What to work on: From the line containing "Living Water Christian Preparatory School" through the last line of the data, both ends included, write out every line exactly; omit the pictures.

Data section:
•••••
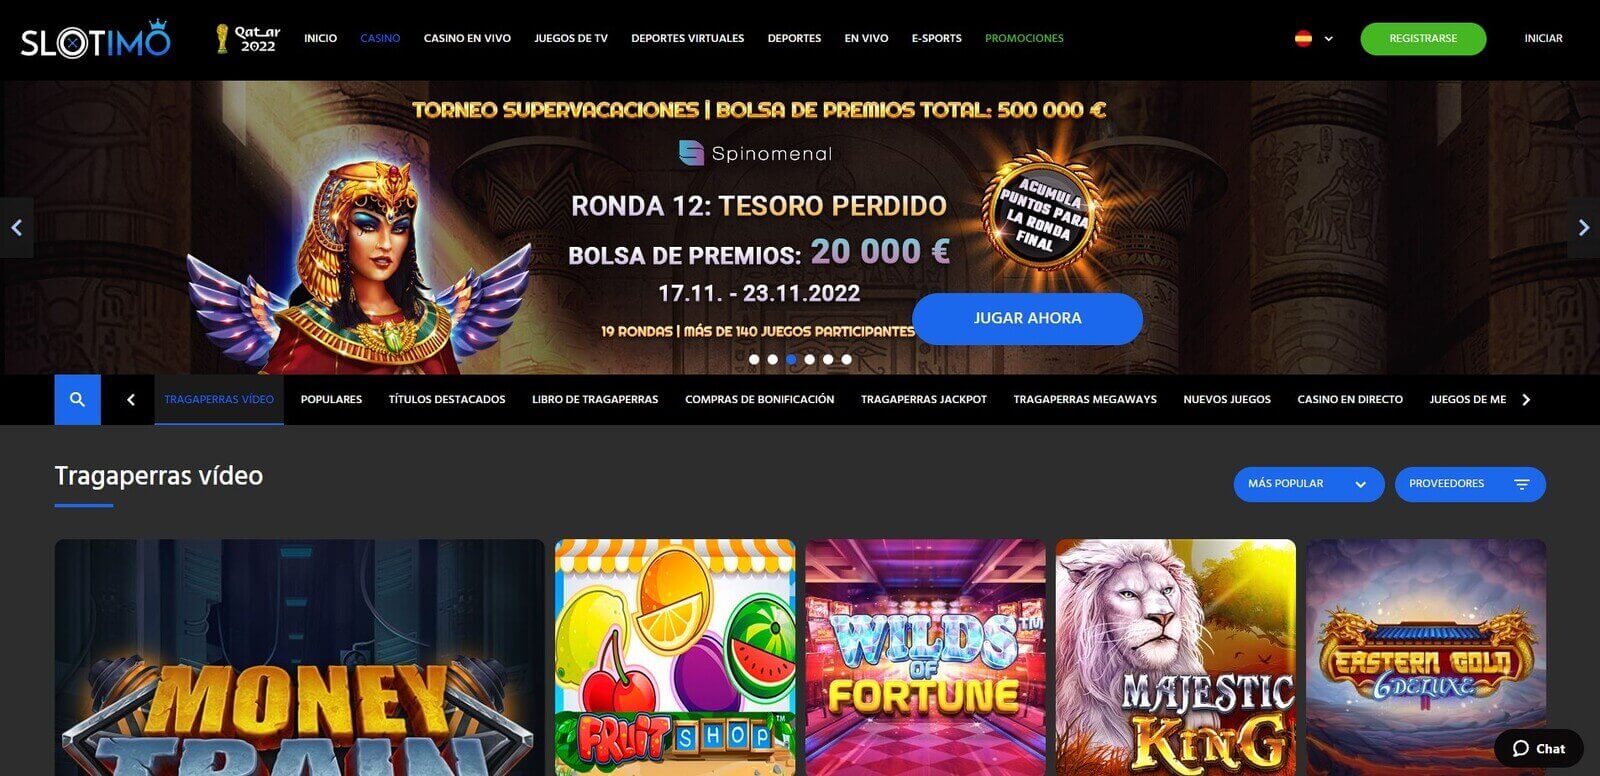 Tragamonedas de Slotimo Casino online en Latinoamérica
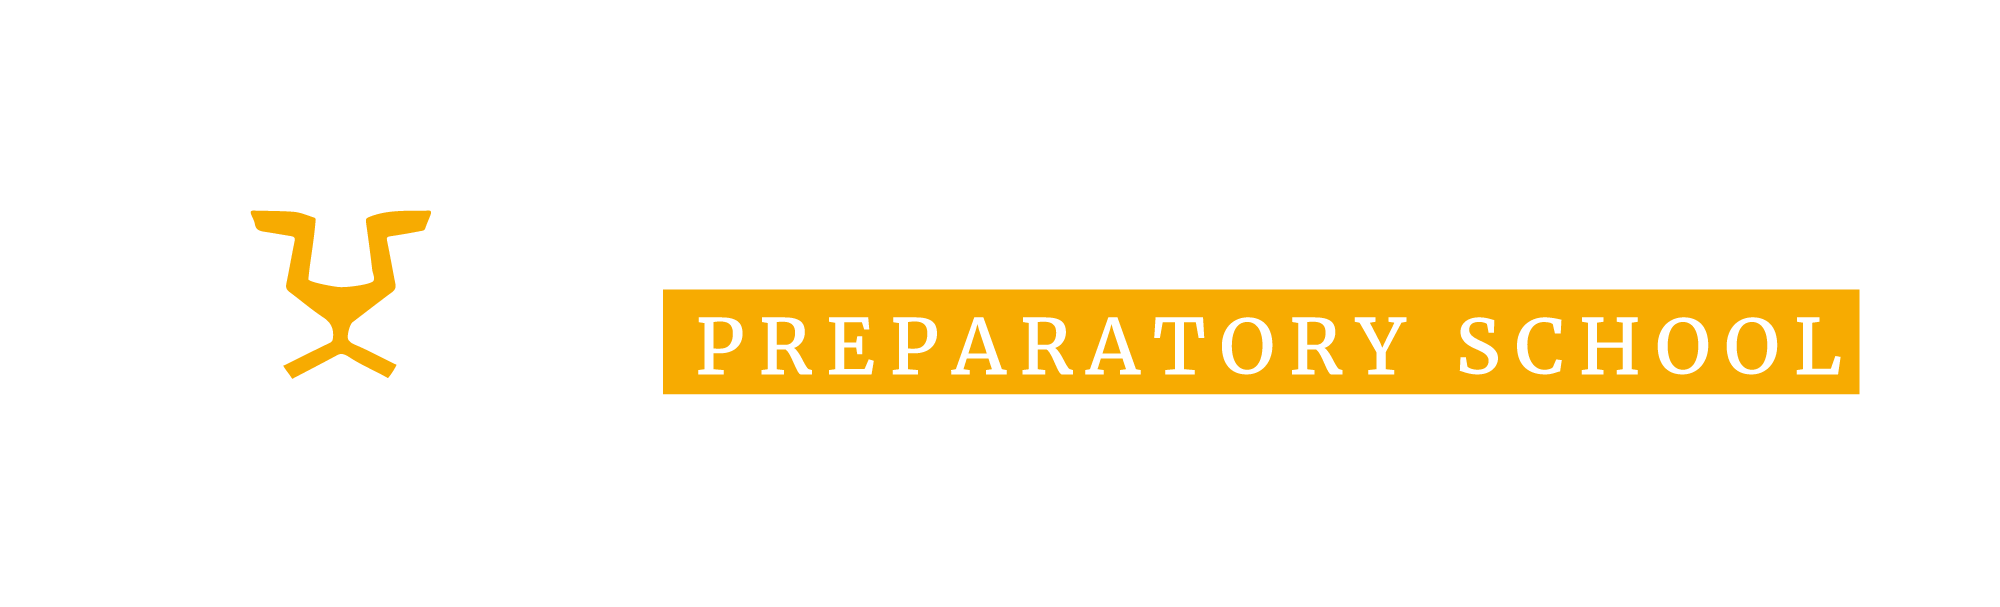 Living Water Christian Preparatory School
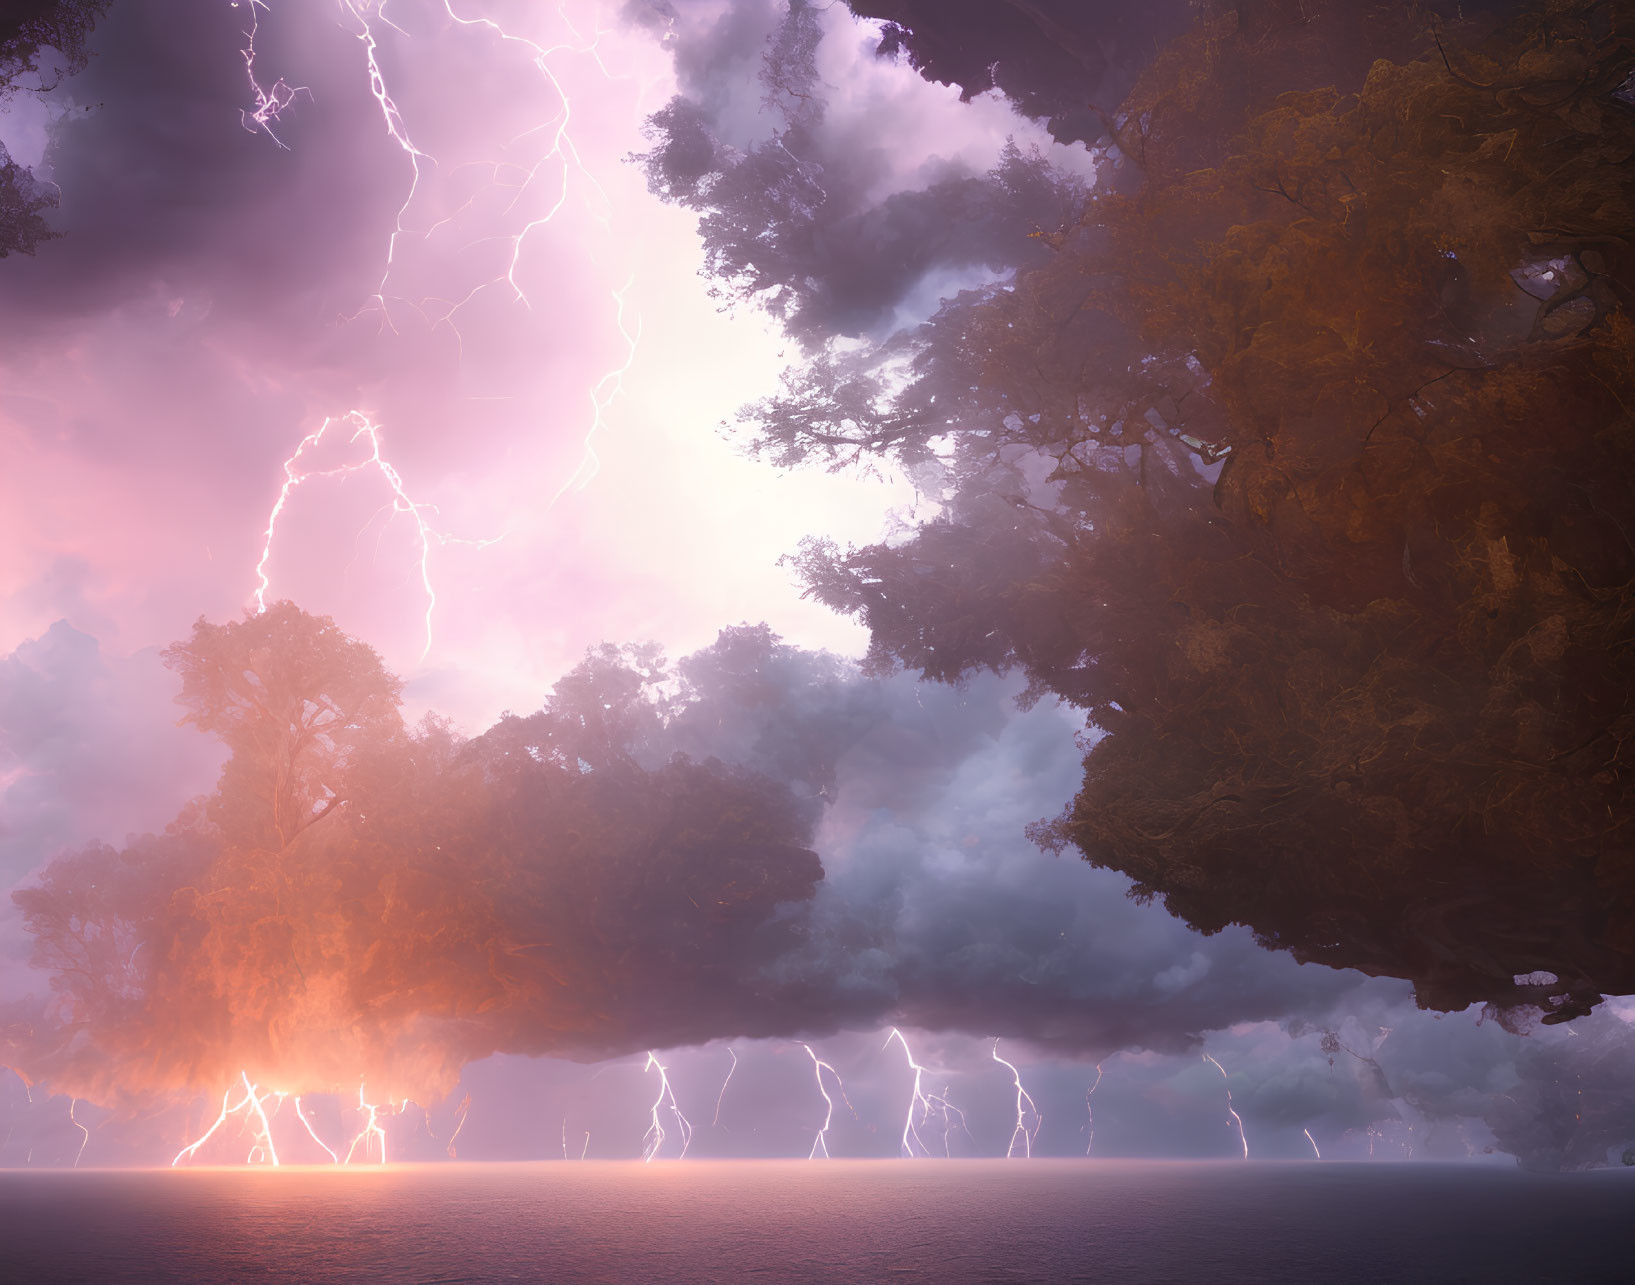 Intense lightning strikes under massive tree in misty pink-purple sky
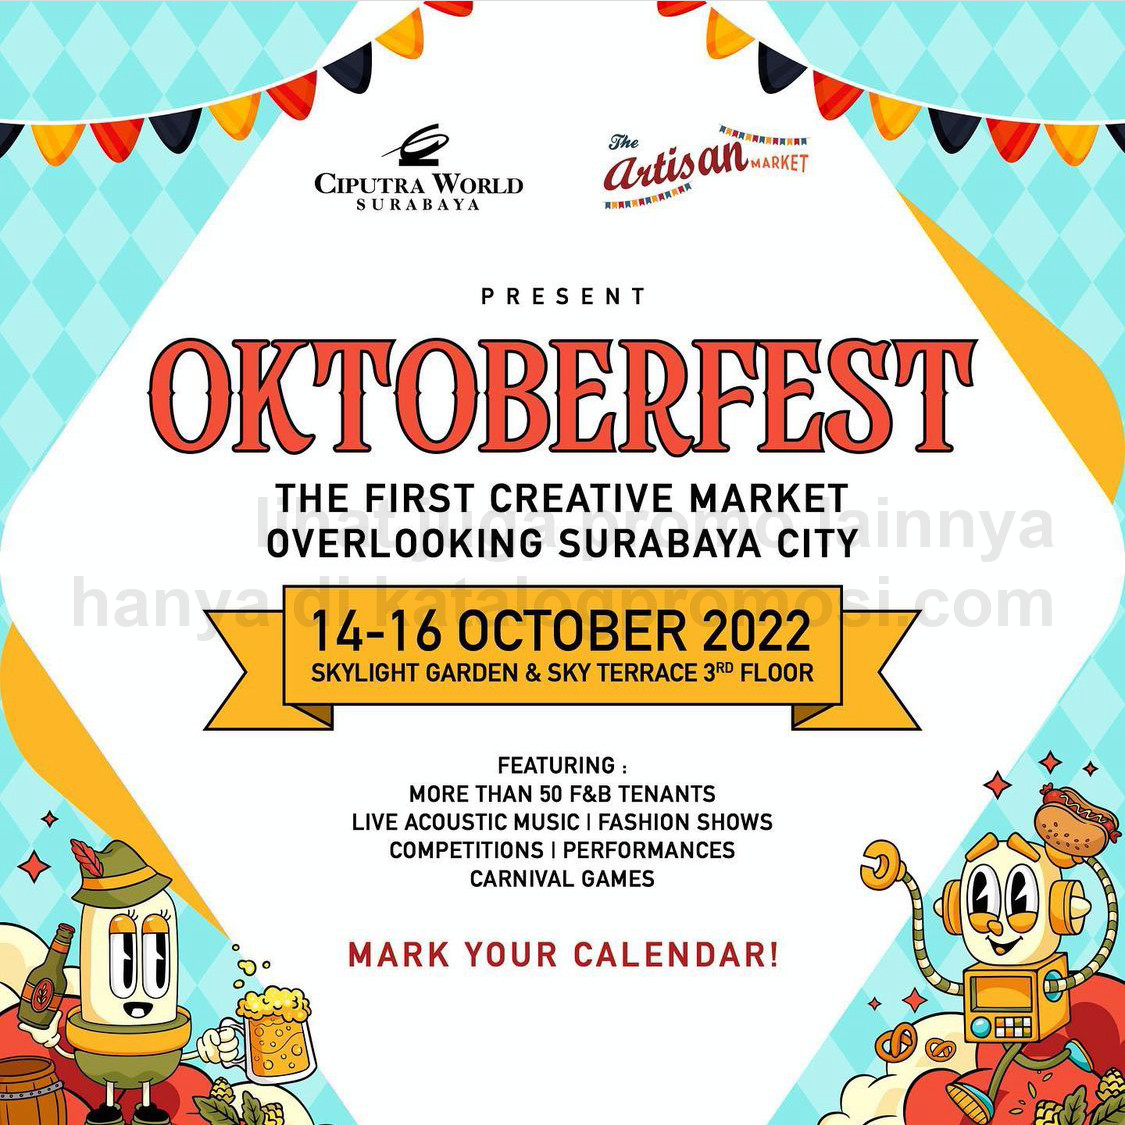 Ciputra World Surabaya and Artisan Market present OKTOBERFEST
•••••
Solution for this exercise:
 Living Water Christian Preparatory School
 Intense lightning strikes under massive tree in misty pink-purple sky
 Ciputra World Surabaya and Artisan Market present OKTOBERFEST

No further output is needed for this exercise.